Clinicians sometimes experience treatment failure in the initial empirical antibiotics treatment using cephalosporins in cirrhotic
patients with spontaneous bacterial peritonitis (SBP). Enterococcus, which is intrinsically resistant to cephalosporins, may
be one of the causes of treatment failure. The aim of this study was to evaluate the clinical importance and the clinical
characteristics of spontaneous enterococcal peritonitis (SEP). This was a retrospective cohort study of 359 patients with
SBP treated in a single tertiary care center in South Korea from January 2000 through December 2004. We evaluated the clinical
manifestation and the treatment results of SBP patients with enterococci identified from ascites culture. During the observation
period, 13 of 359 patients (3.6%) diagnosed with culture-positive SBP had enterococcal peritonitis. For the initial empirical
treatment, third-generation cephalosporins were administered to the 13 patients, ten of whom (76.9%) did not improve in the
first 48 h. An in vitro antibiotic sensitivity test showed that the identified enterococci were susceptible to ampicillin
plus gentamycin in eight patients (61.5%) and there was no vancomycin-resistant enterococcus. Although antibiotics were changed
to antienterococcal antibiotics in 11 patients, only five patients improved. As a result, eight of the 13 patients (61.5%)
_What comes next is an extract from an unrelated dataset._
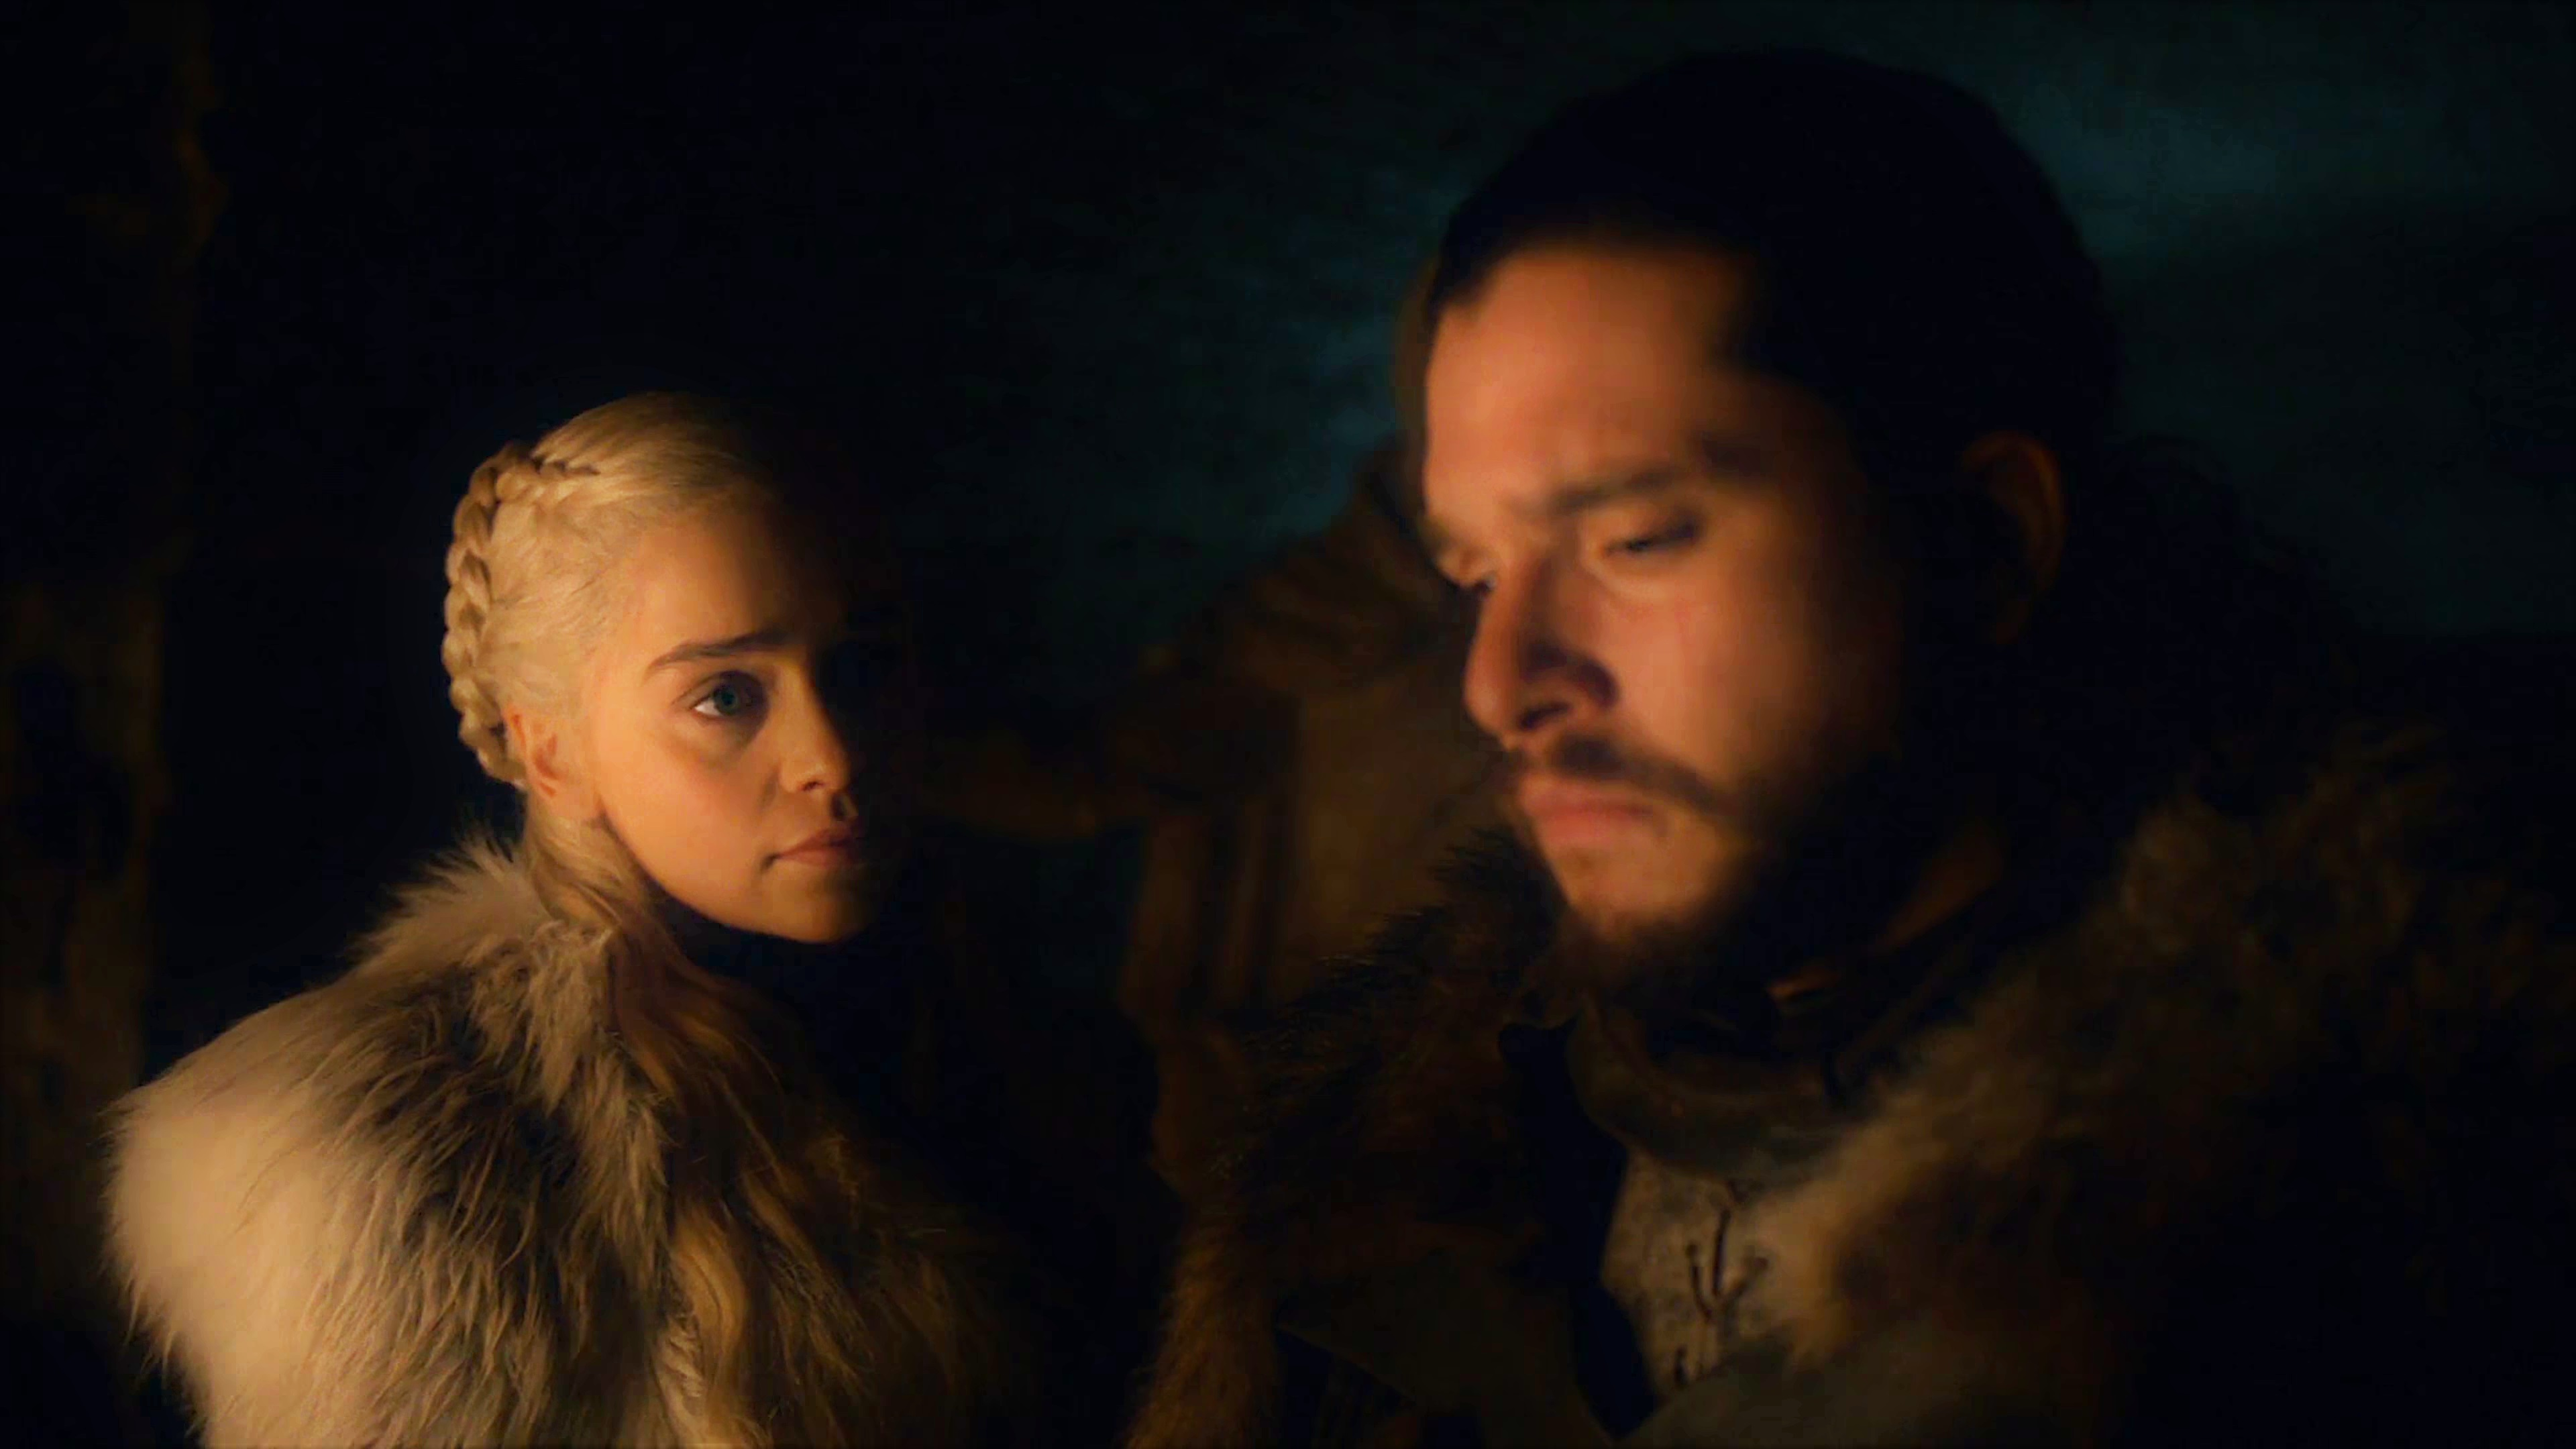 17. Season 8 Trailer Crypts Winterfell Daenerys Targaryen Jon Snow 2

with enterococcal SBP died during the observation period, and the one-month mortality was significantly higher from enterococcal
SBP than from nonenterococcal SBP (
P = 0.038). We conclude that enterococcal SBP has poor prognosis and it is reasonable to use antienterococcal antibiotics when
enterococcus is identified from ascites culture of patients with liver cirrhosis.